I might need a name change

My wife just called me. She said “I’m three days late.” I said, “Late for what?” And then it hit me. A BABY!! She is using a different type of birth control pill because her regular supply ran out. We haven’t used any other method for a long time.

A third child would change things. I don’t think it would change a lot, but it would certainly postpone plans for home remodelling, grad school/job hunting for my wife a few more years. This kind of thing has me perfectly flummoxed. I have no idea how people who have to struggle to get pregnant feel, obviously. The two kids we have now, while not entirely a surprise, were not planned, because we don’t need to plan. We talk about kids and wham, she shows up pregnant.

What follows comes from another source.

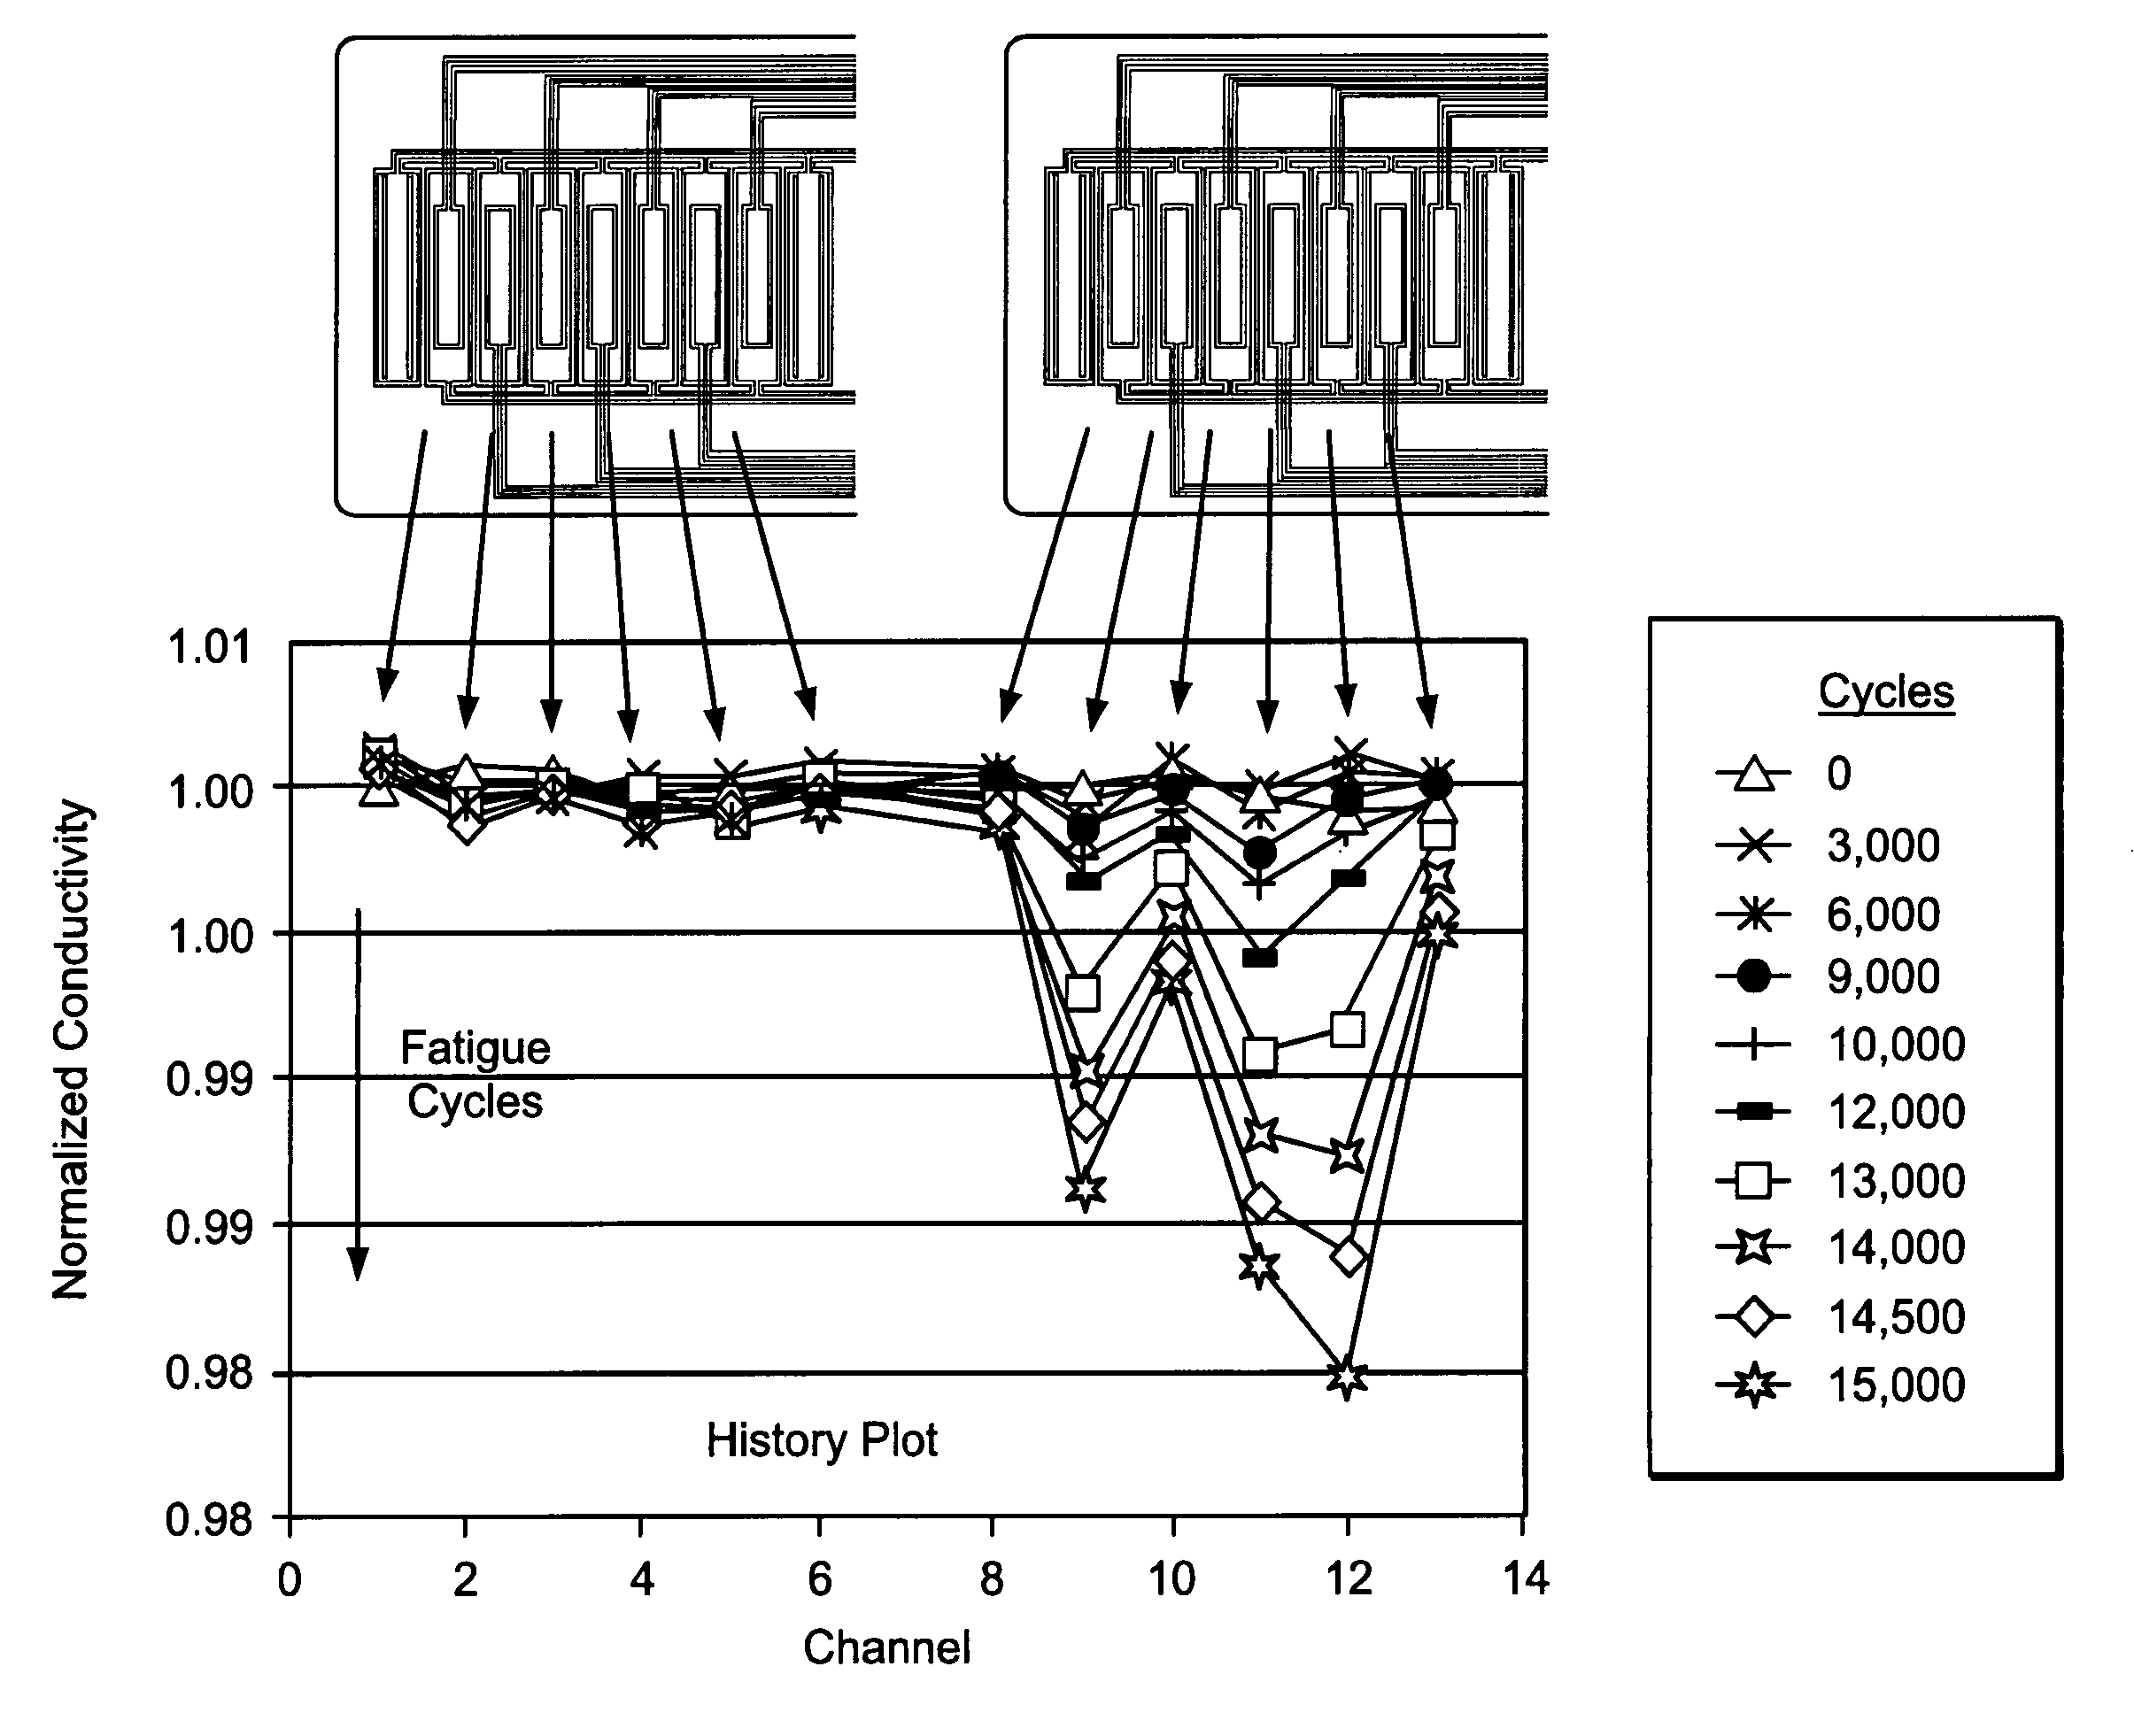 Fabrication of samples having predetermined material conditions

And if she really is pregnant, I’ll be talking to a doctor myself. We’ll know more tomorrow morning after she takes the test.

Damn.

On preview, this is a nonsensical stream of consciousness, but that’s kind of the way I feel.

A friend and his wife just learned that they were expecting again despite the presence of an IUD. This will turn their entire lives upside down, to the extent that they have no choice but to move in order to accomodate their growing family.

As someone who struggled and waited through more than twenty years of marriage and infertility before hitting the two-fer jackpot with back to back babies in back to back years I cannot personally connect with the idea of being unsure about the possibility of a new baby on the way, it’s simply a foreign concept to me, but I can connect with general angst about reproductive matters, and I certainly sympathize there!

I really hope that this works out the way that you and your wife ultimately want, DTT.

Perhaps we are just freaking out, my wife has always been a little irregular, but the pill had been forcing regularity and then she ran out and was using the other stuff…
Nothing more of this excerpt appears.